Those in charge of Human Resources at small businesses have their work cut out for them. Like their corporate counterparts, they’re responsible for compliance, recruiting and hiring, performance management, workforce and succession planning, onboarding, payroll and benefits, and more. But unlike their peers at larger companies, small business HR departments usually lack deep pockets and robust resources. 

Even so, a smaller headcount comes with its own benefits. Those in charge of HR at small- and medium-sized businesses (SMBs) have the opportunity to really get to know their employees and tailor HR initiatives to the workforce. Smaller companies can also mean less red tape, allowing Human Resources professionals to develop and launch programs or spearhead passion projects. 

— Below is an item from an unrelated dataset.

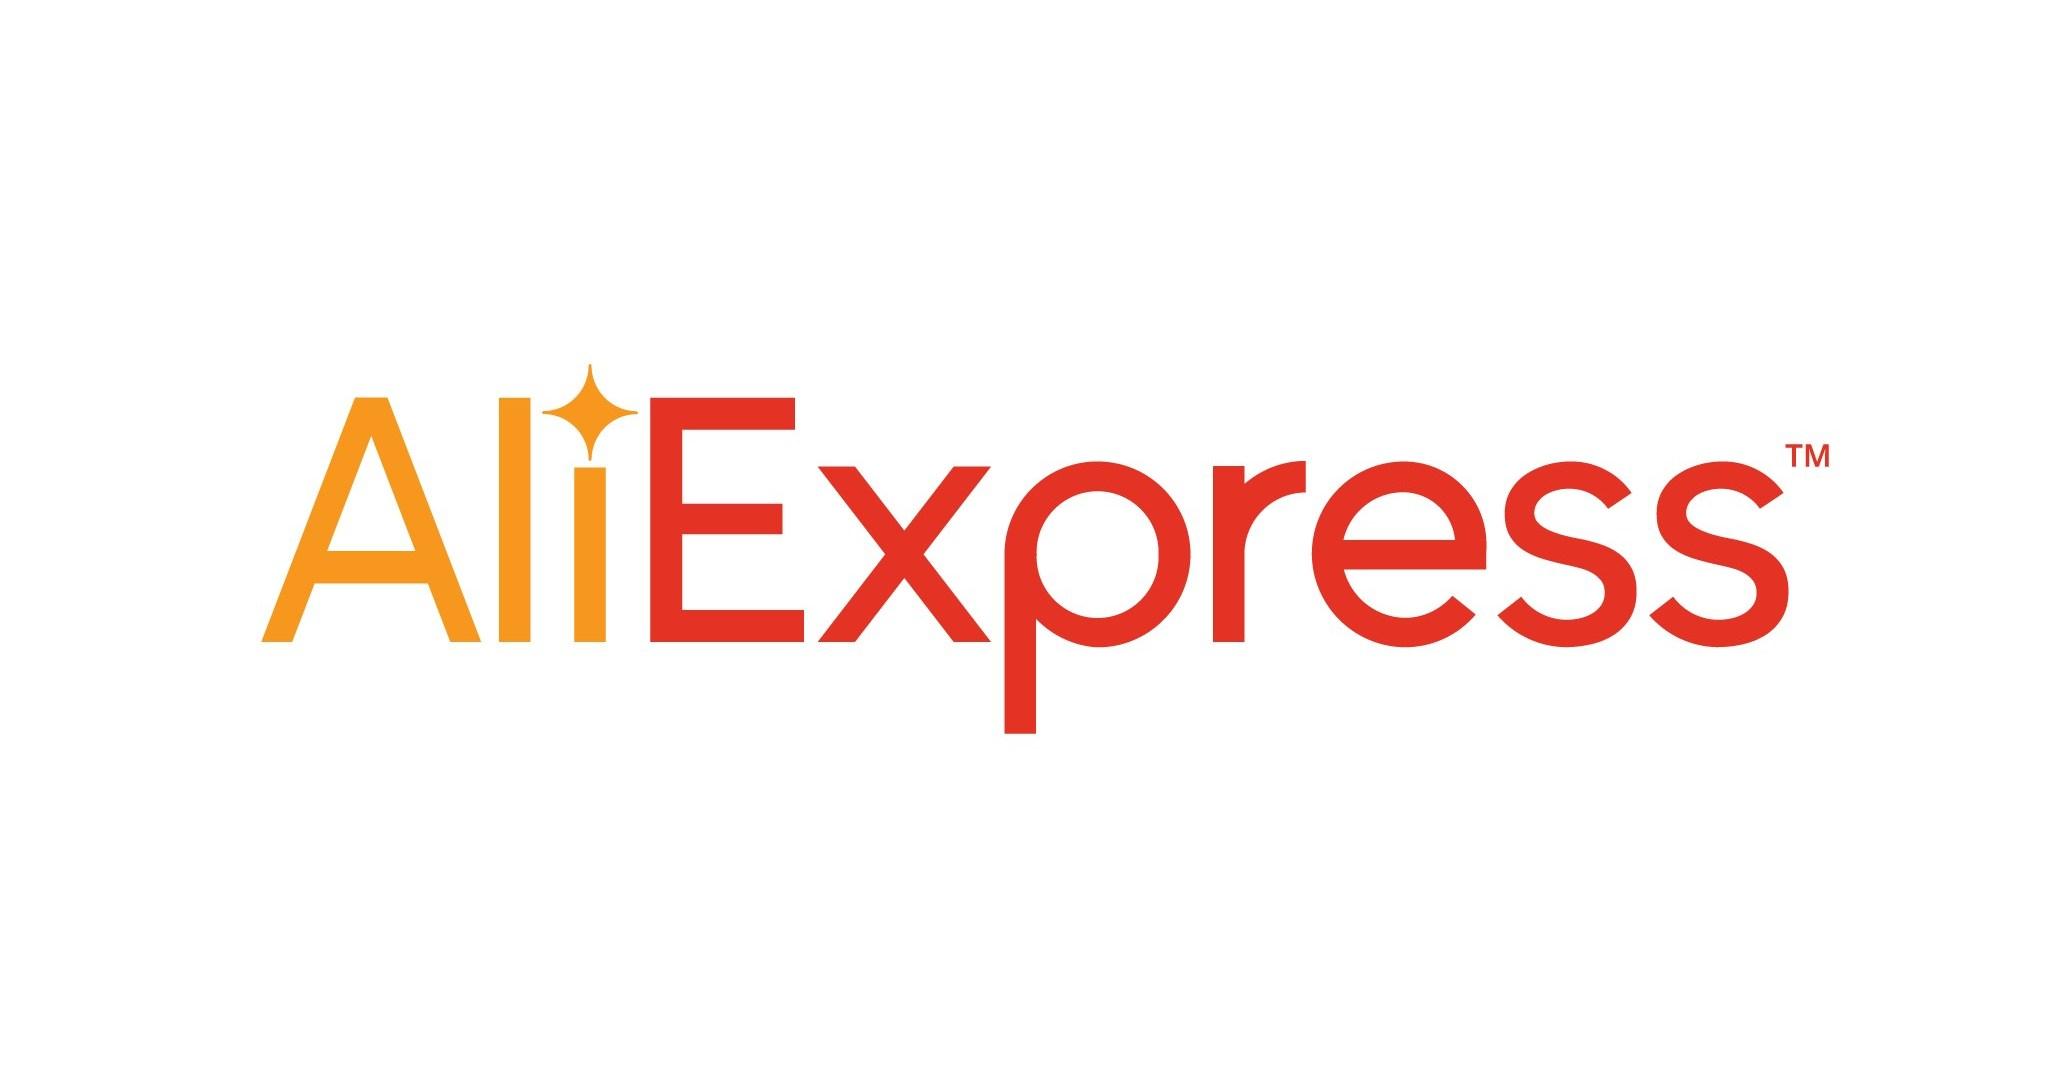 Aliexpress invite
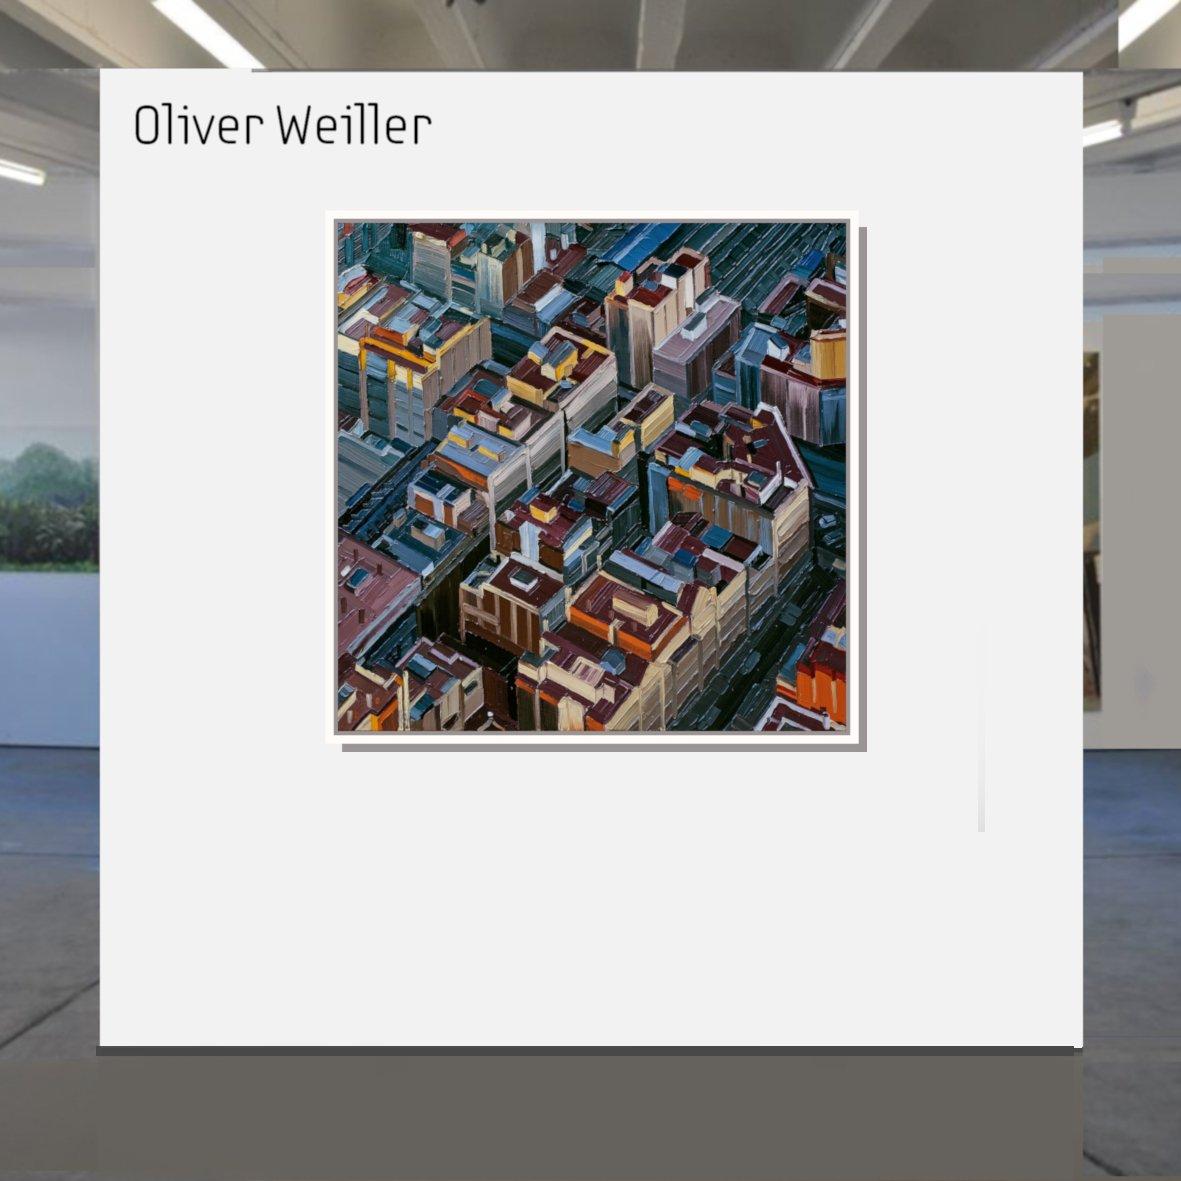 Maske_Weiller_Oliver_Barcelona_02_100x100_mit_Rahmen

But whether you’re a small business owner (SBO) or an HR professional in charge of Human Resources management at a smaller company, there are some essential areas that can’t be overlooked. Here are four of the most important areas HR needs to focus on at small businesses. 

4 Key Areas of Focus for HR Teams at Small Companies

1. Compliance

Compliance gets a bad rap for its complicated landscape and ever-changing rules and regulations, but the reality is unavoidable: You can’t skip out on compliance.

“Knowing the legal side from a local, state, and federal level is critical from a small business standpoint,” said Matthew Burr, SPHR, SHRM-SCP, MBA, an HR consultant and Associate Professor of Business Administration at Elmira College in upstate New York. “HR teams at small businesses need to create and enforce policies and procedures that uphold employment law.”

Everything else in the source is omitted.